What you need to do —
Set the data below down again, exactly, with every picture left out.

[[ Given information open ]]

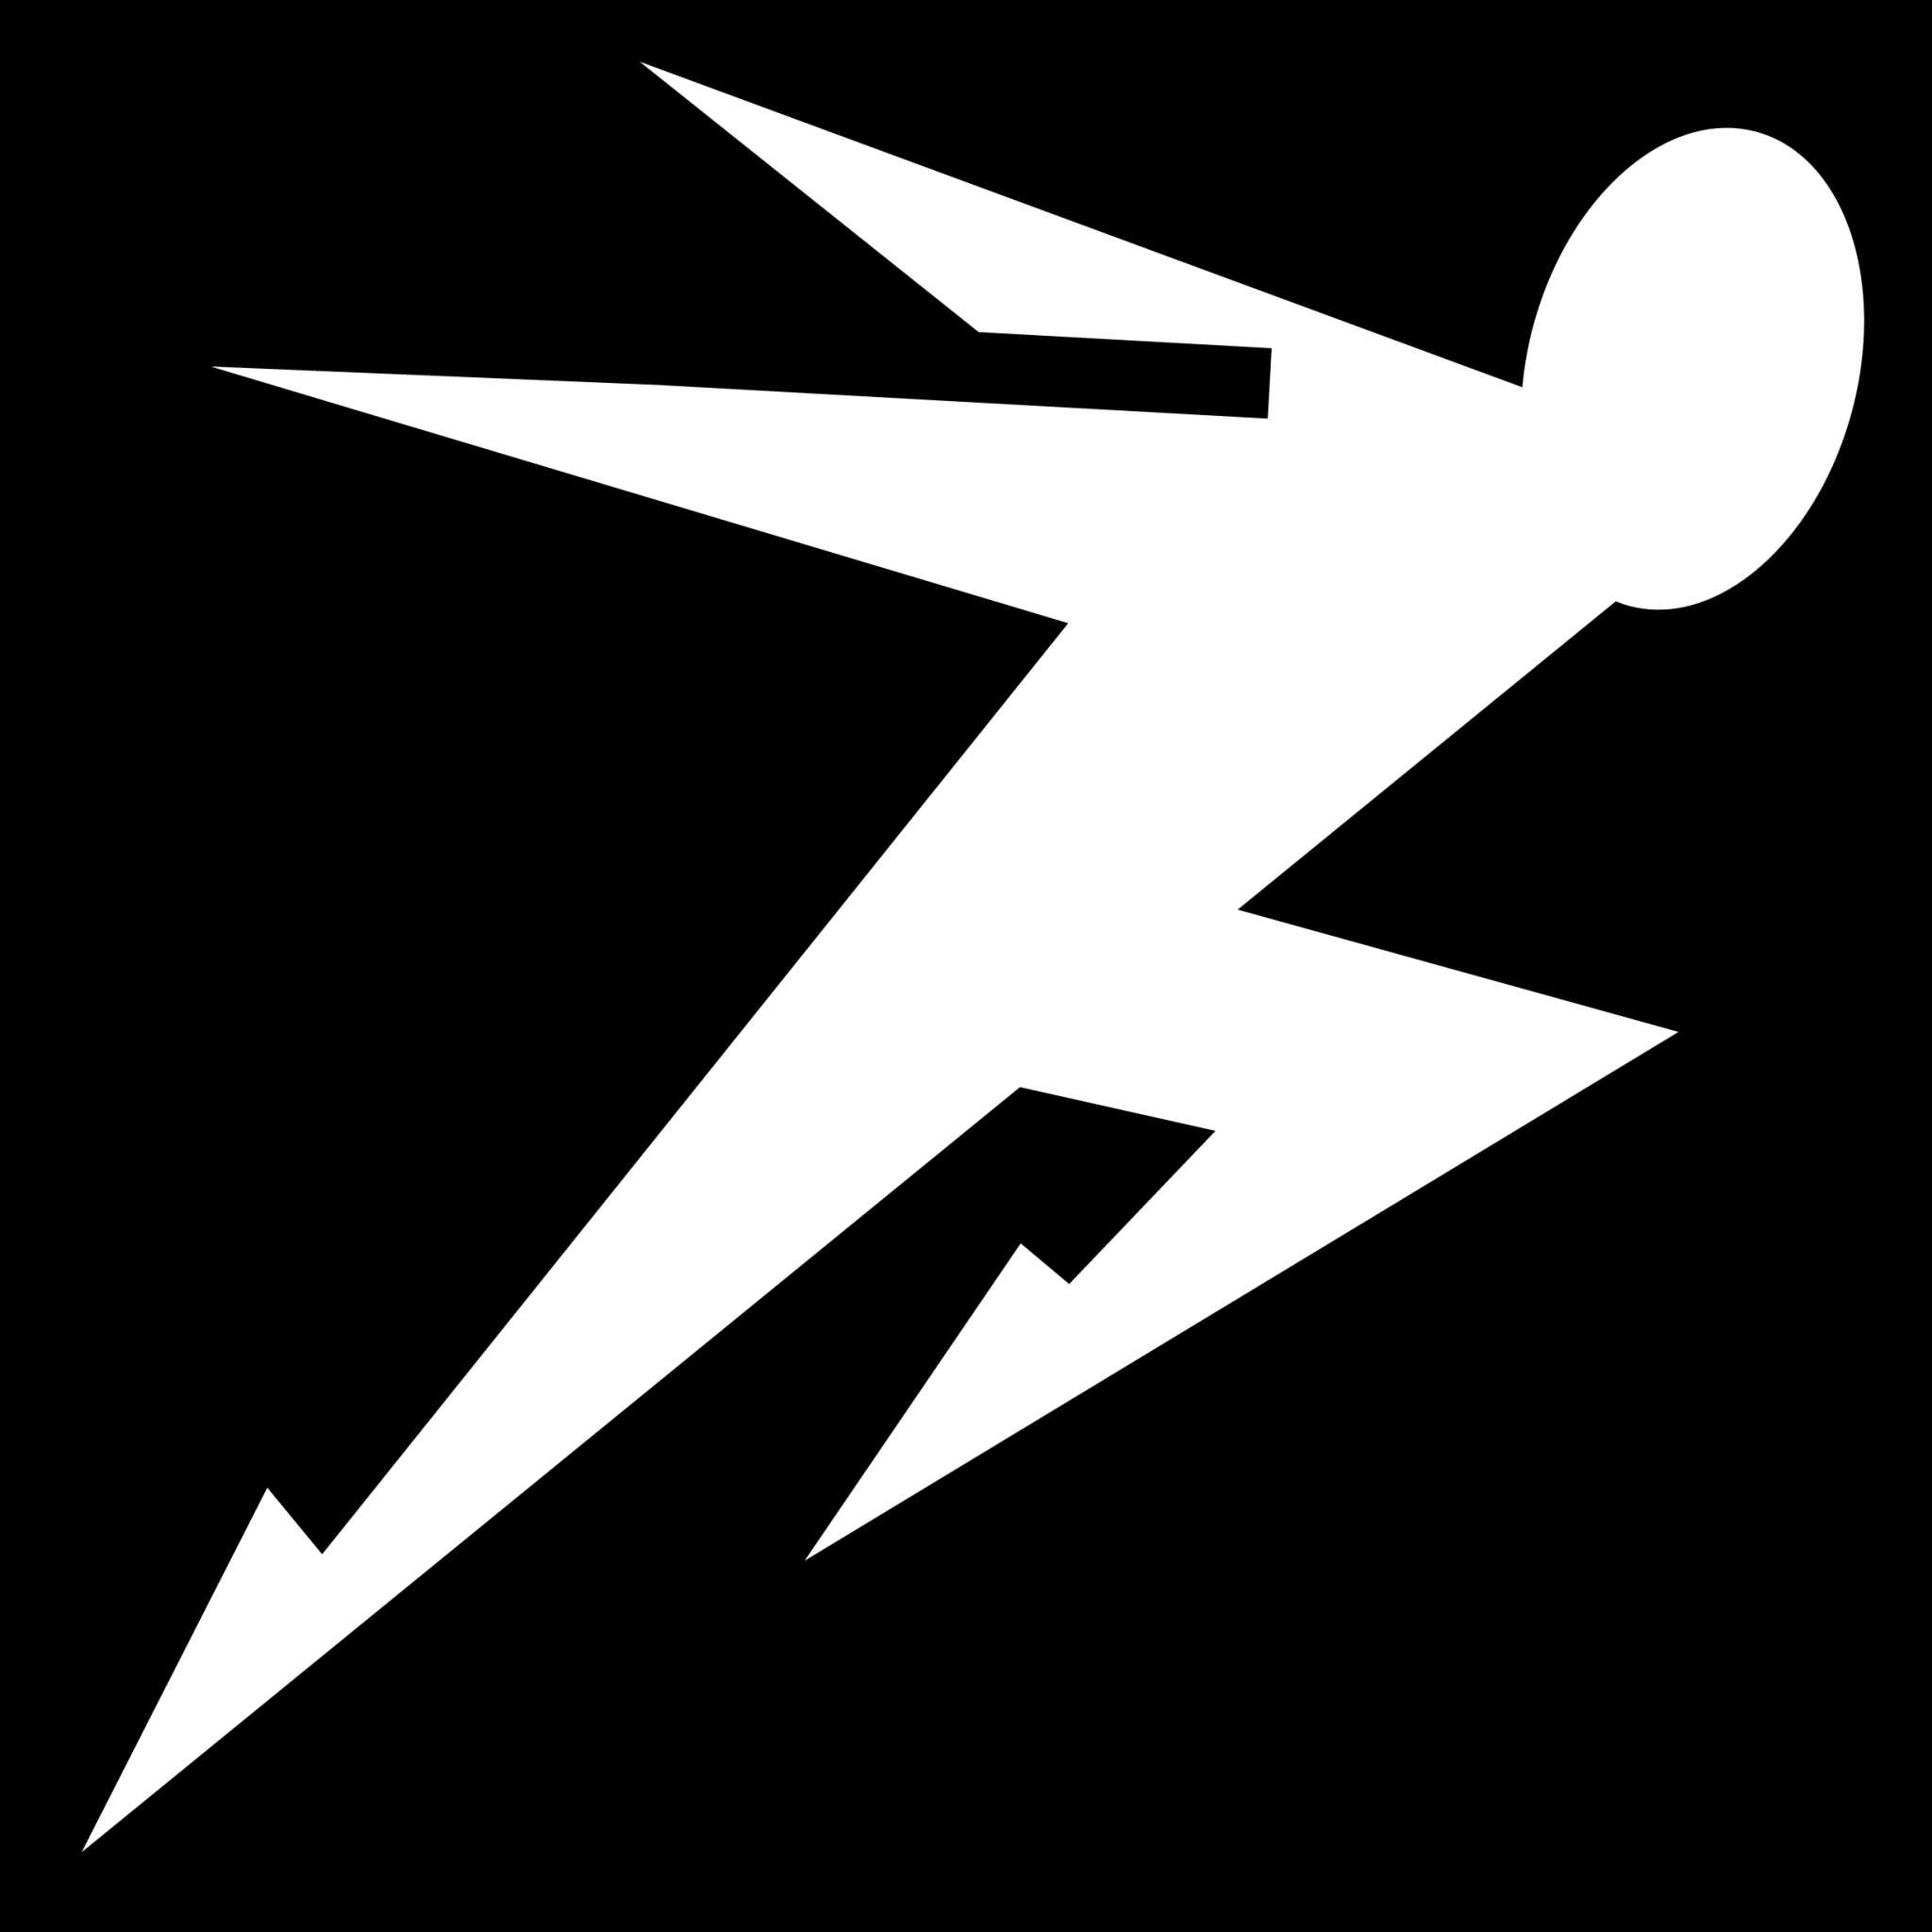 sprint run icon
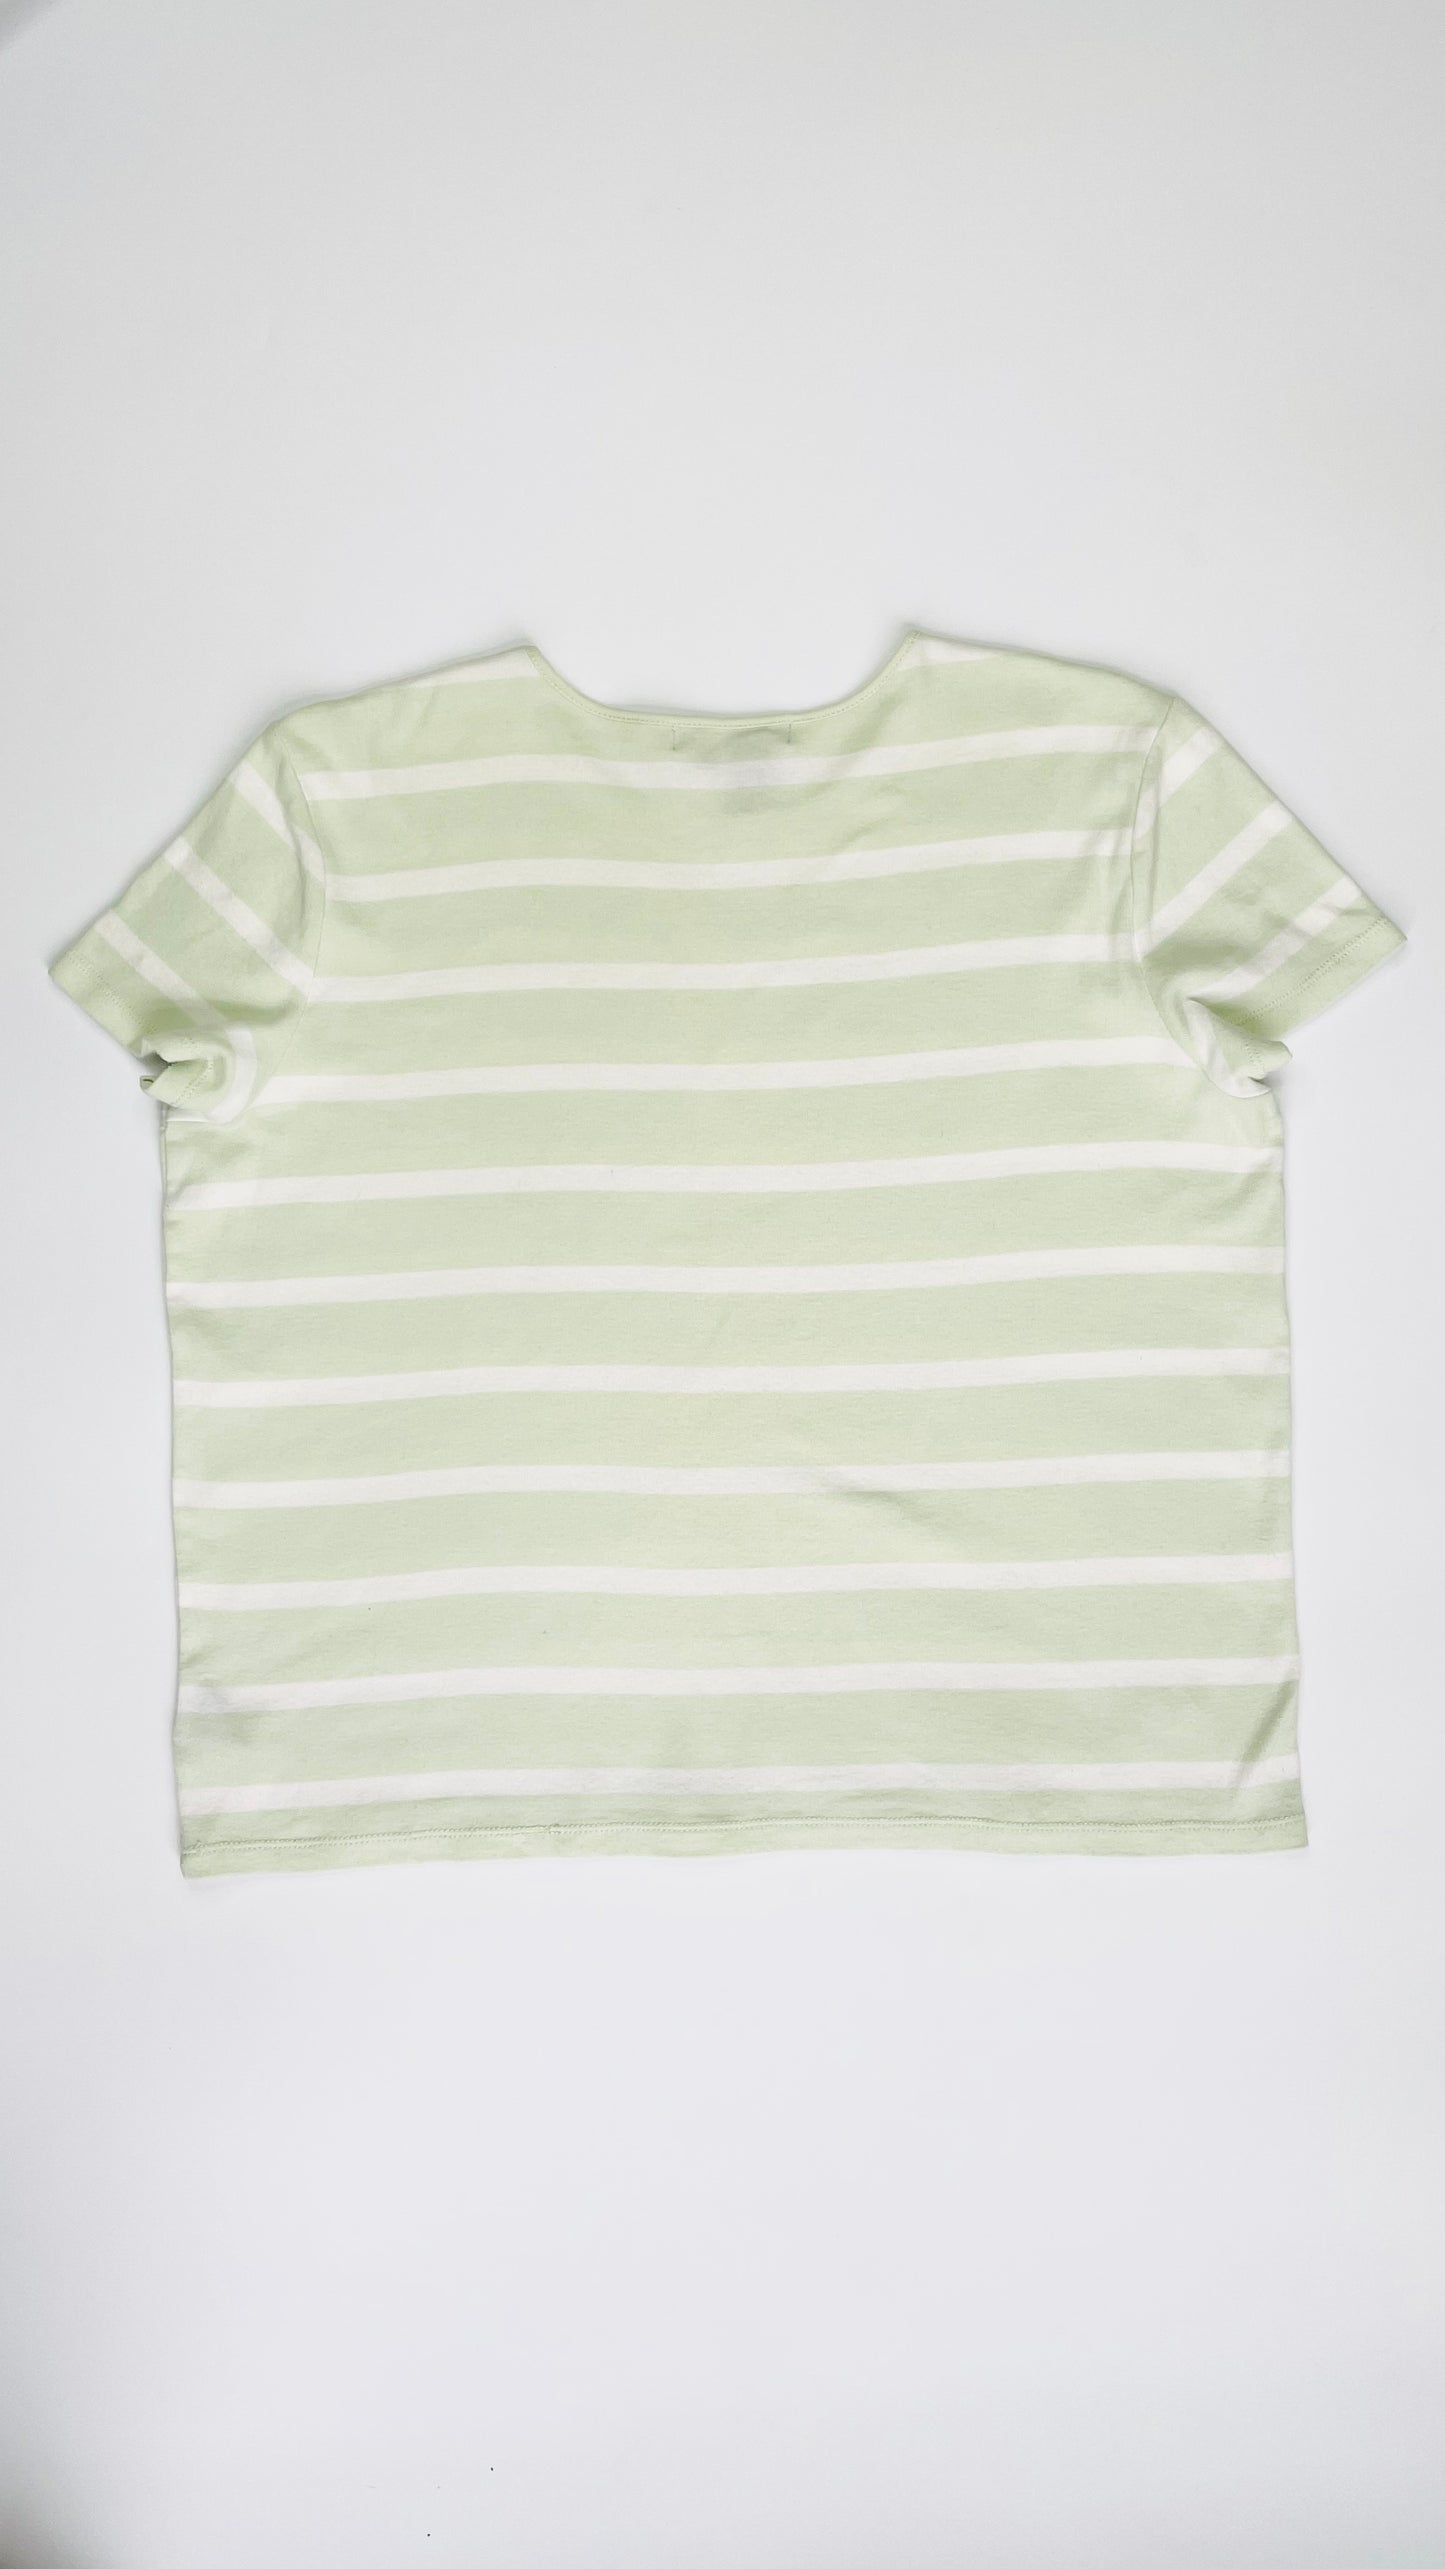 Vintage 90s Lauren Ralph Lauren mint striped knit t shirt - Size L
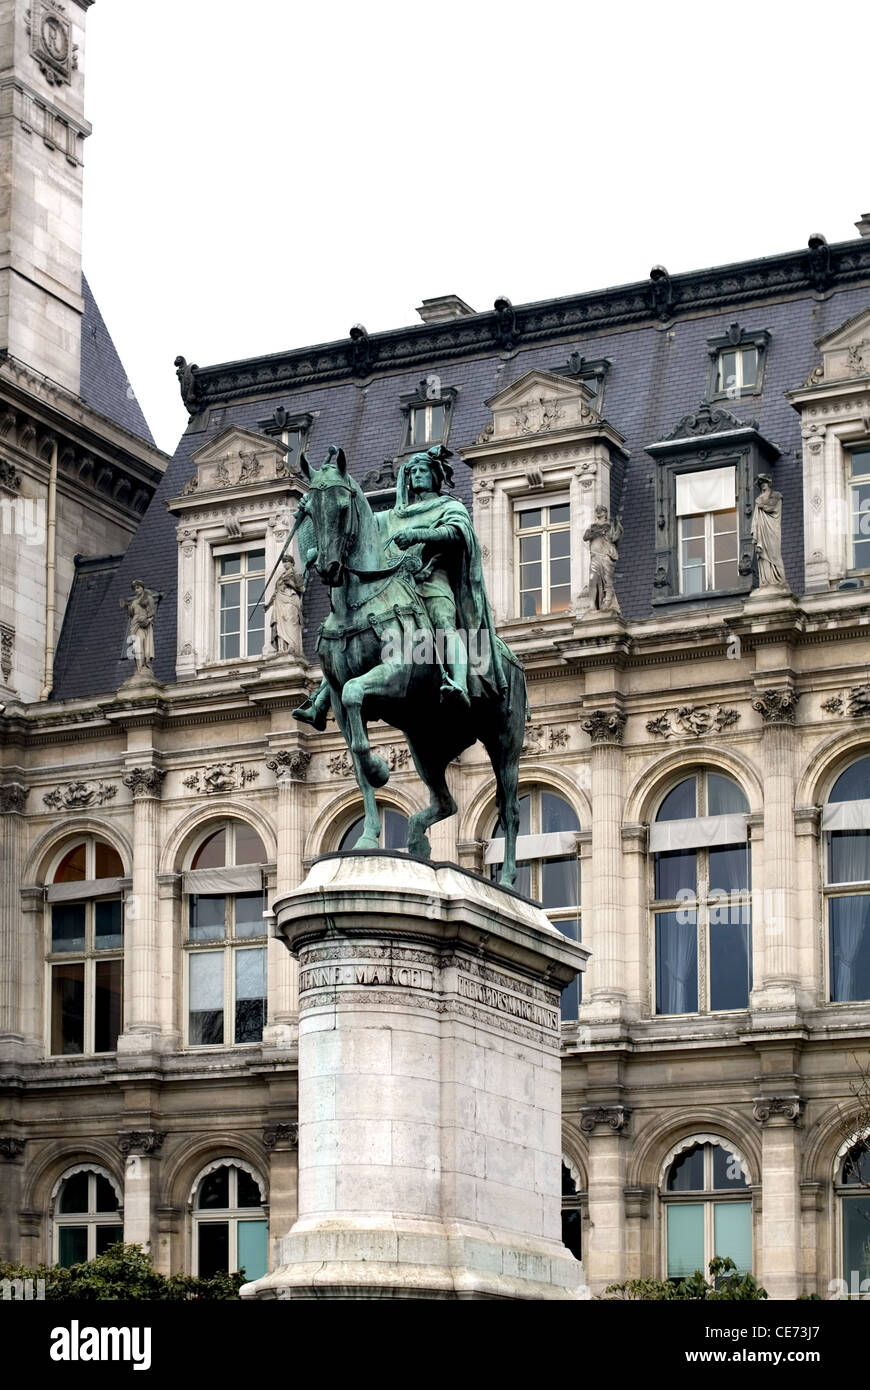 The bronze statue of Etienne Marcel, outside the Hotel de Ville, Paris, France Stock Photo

[[ Given information closed ]]

Answer below —
 sprint run icon
 Vintage 90s Lauren Ralph Lauren mint striped knit t shirt - Size L
 The bronze statue of Etienne Marcel, outside the Hotel de Ville, Paris, France Stock Photo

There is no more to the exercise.